Media is no longer just something through which content is communicated, like a book, periodical, blackboard, TV set, etc. It’s not even just a tool for making things (like stories, videos, blogs, photos, etc.). It’s also an environment – but not just an environment around the acquiring of knowledge or for creating or expressing ourselves. It’s an environment for collaborating with others. And then not just collaborating but participating in something much larger than, say, a classroom project – participating in society. Media is a social context – an environment for participating in and changing the world.
Born playful, not digital
This is the media our kids and students work and play with. Then they go to school. [They're not born digitally literate – not at all – but they are born playful. They are born to learn through play, including social play. Though digital media is perfect for that, they're not digital natives, they're playful natives.]

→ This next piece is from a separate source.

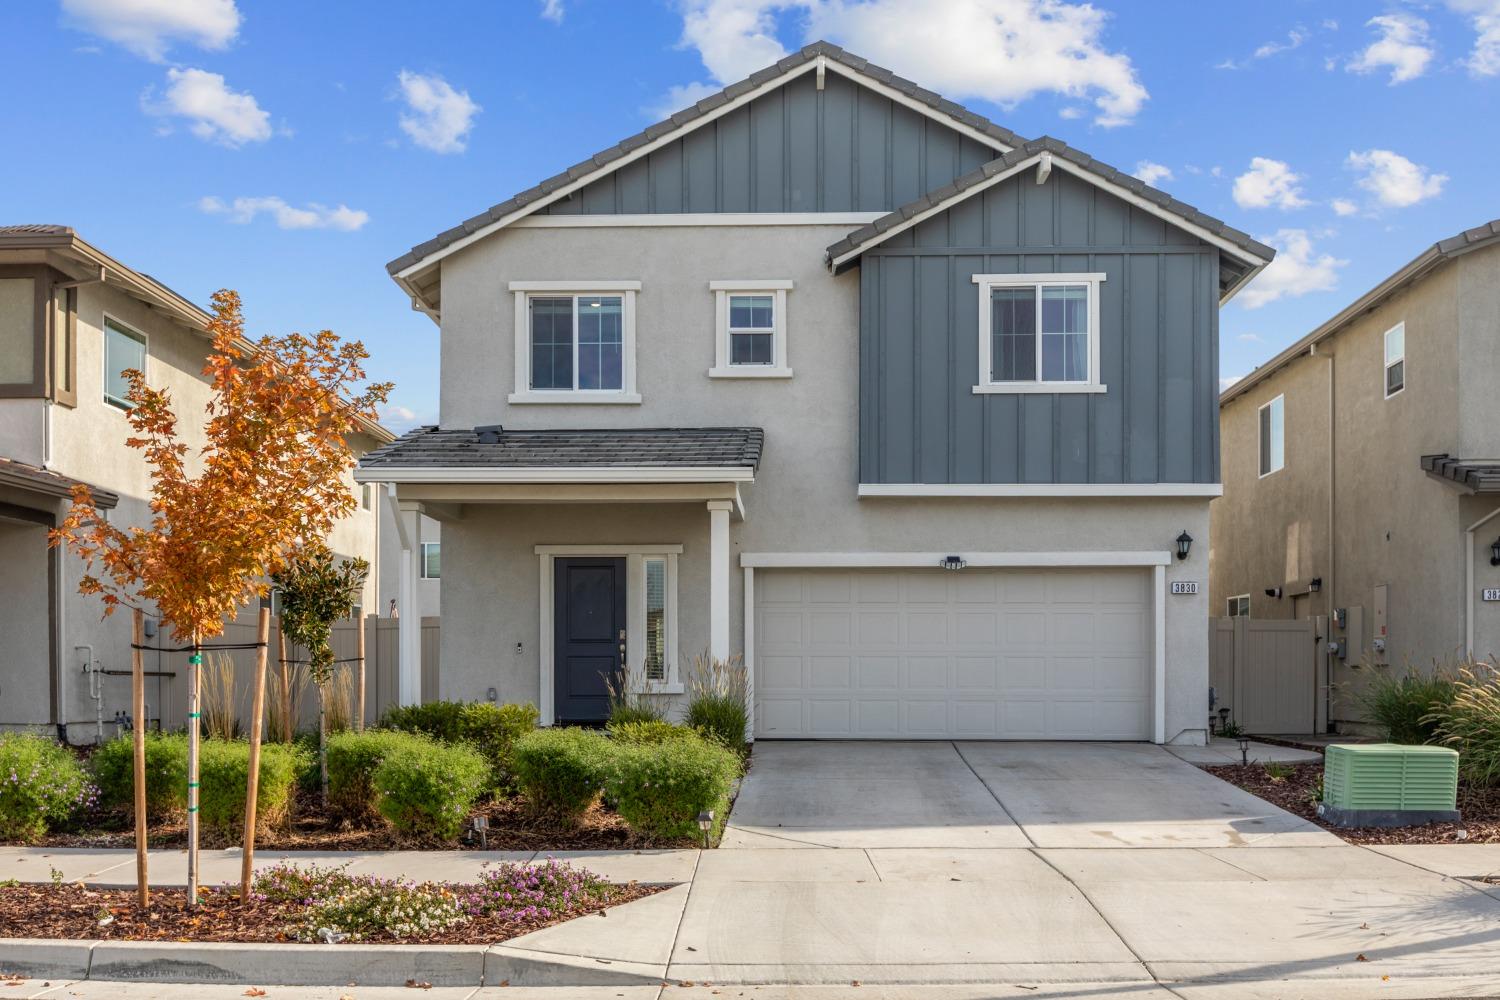 Beautiful 2021 built home located in a thru street in the desirable Parkebridge community in Natomas

Media has always been part of learning, but not the kind that’s just as bottom-up as top-down and one-to-many. To put it mildly, media as a set of creative tools and a social context that can be classroom-size or planet-spanning, depending on how you use it, is daunting to those of us schooled in the Industrial Age model of using mass media for mass production education. It’s easy to understand the cognitive dissonance being felt by teachers and most of the rest of their peers, including parents, schooled to teach approved, carefully crafted and packaged knowledge. Adding to it is students’ own cognitive dissonance around both the old kind of content and its mode of delivery (knowledge transfer). Because they can acquire knowledge on their own anytime, anywhere and because – now that media’s social – it’s contextual and participatory, they’re less and less comfortable with the knowledge-transfer mode of learning.
Parents’ tough dilemma
“We’re educating at what might well be the most change-filled, disruptive moment in education history,” writes dad, educator, and author Will Richardson. And yet – although many of us, including those who can’t afford private alternative schools, are cobbling together blends of traditional and Internet school, home study, and other alternatives – we have to send our kids to these places that tie up so much of their time “learning” information that’s less and less relevant to their futures (see this comment to Will’s post by Michele Bernhard).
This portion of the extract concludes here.